Reproduce, without alteration, every line of the data; exclude the images.

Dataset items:
═══

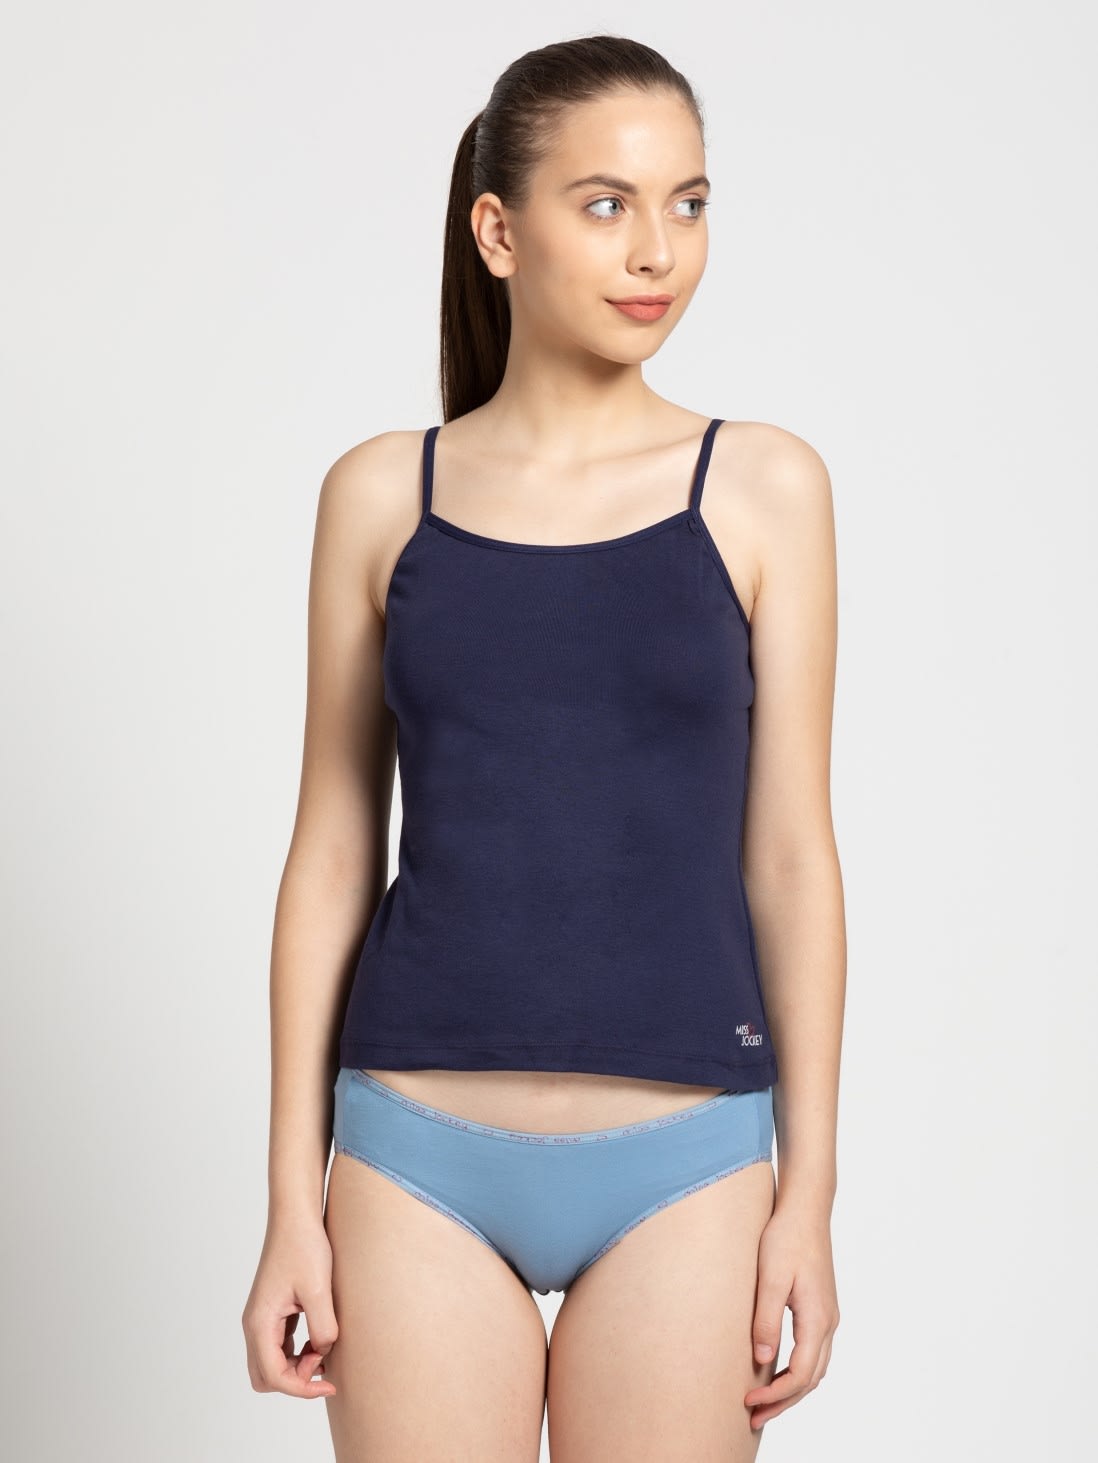 womens navy camisole
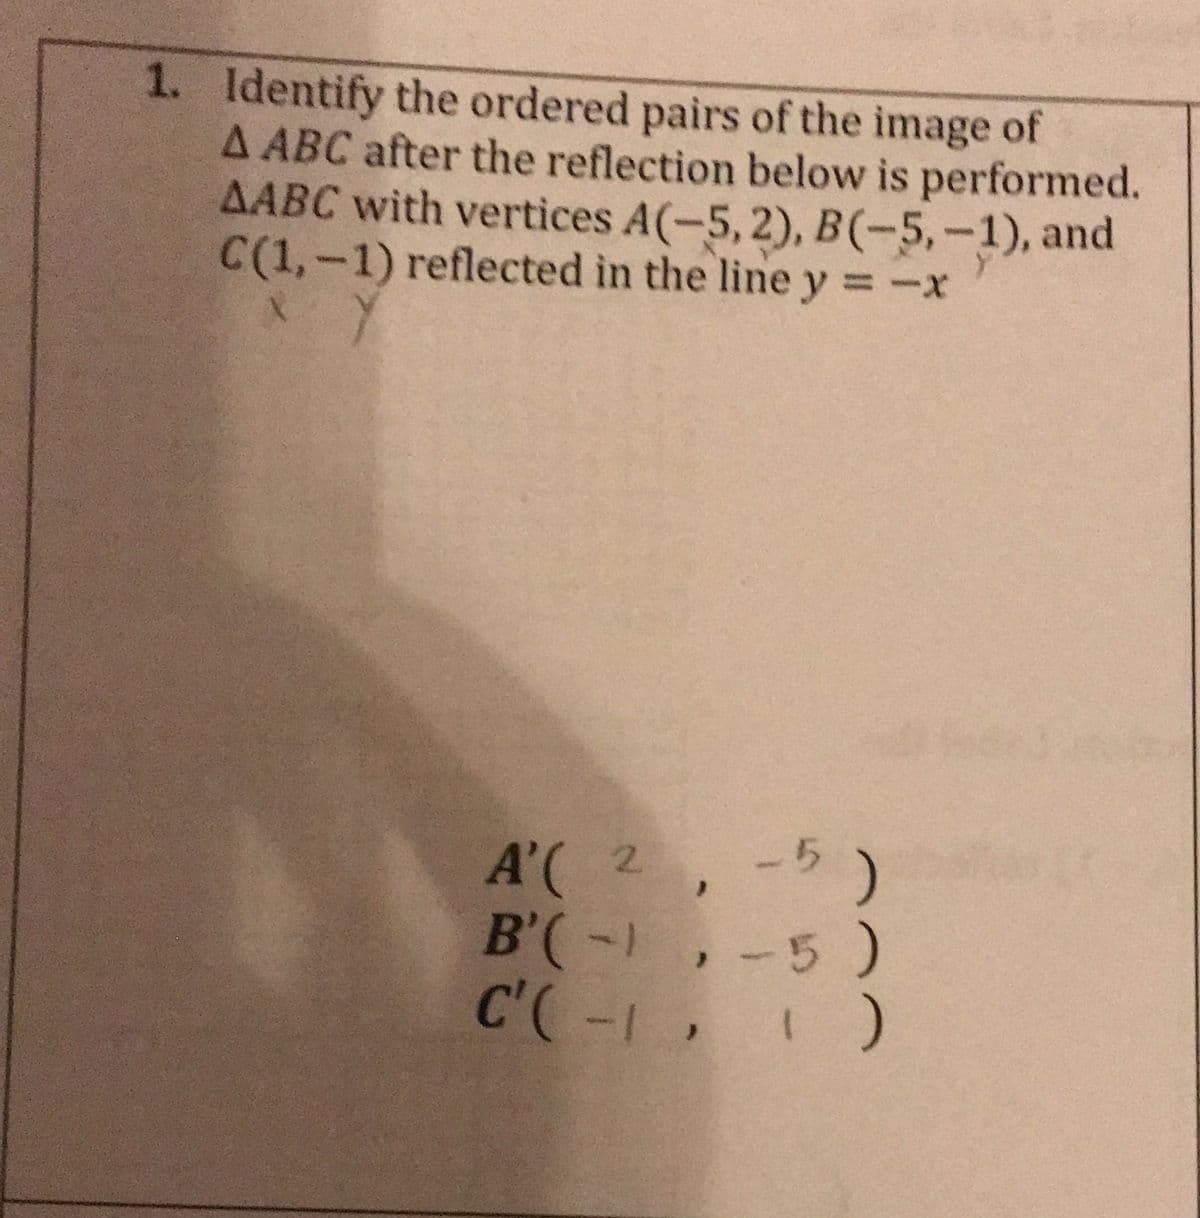 1. Identify the ordered pairs of the image of
A ABC after the reflection below is performed.
AABC with vertices A(-5,2), B(-5,-1), and
C(1,-1) reflected in the line y = -x
A'(2
B'(-,-5)
C'(-1, )
-5)

═══

## Response to the task
 womens navy camisole
 1. Identify the ordered pairs of the image of
A ABC after the reflection below is performed.
AABC with vertices A(-5,2), B(-5,-1), and
C(1,-1) reflected in the line y = -x
A'(2
B'(-,-5)
C'(-1, )
-5)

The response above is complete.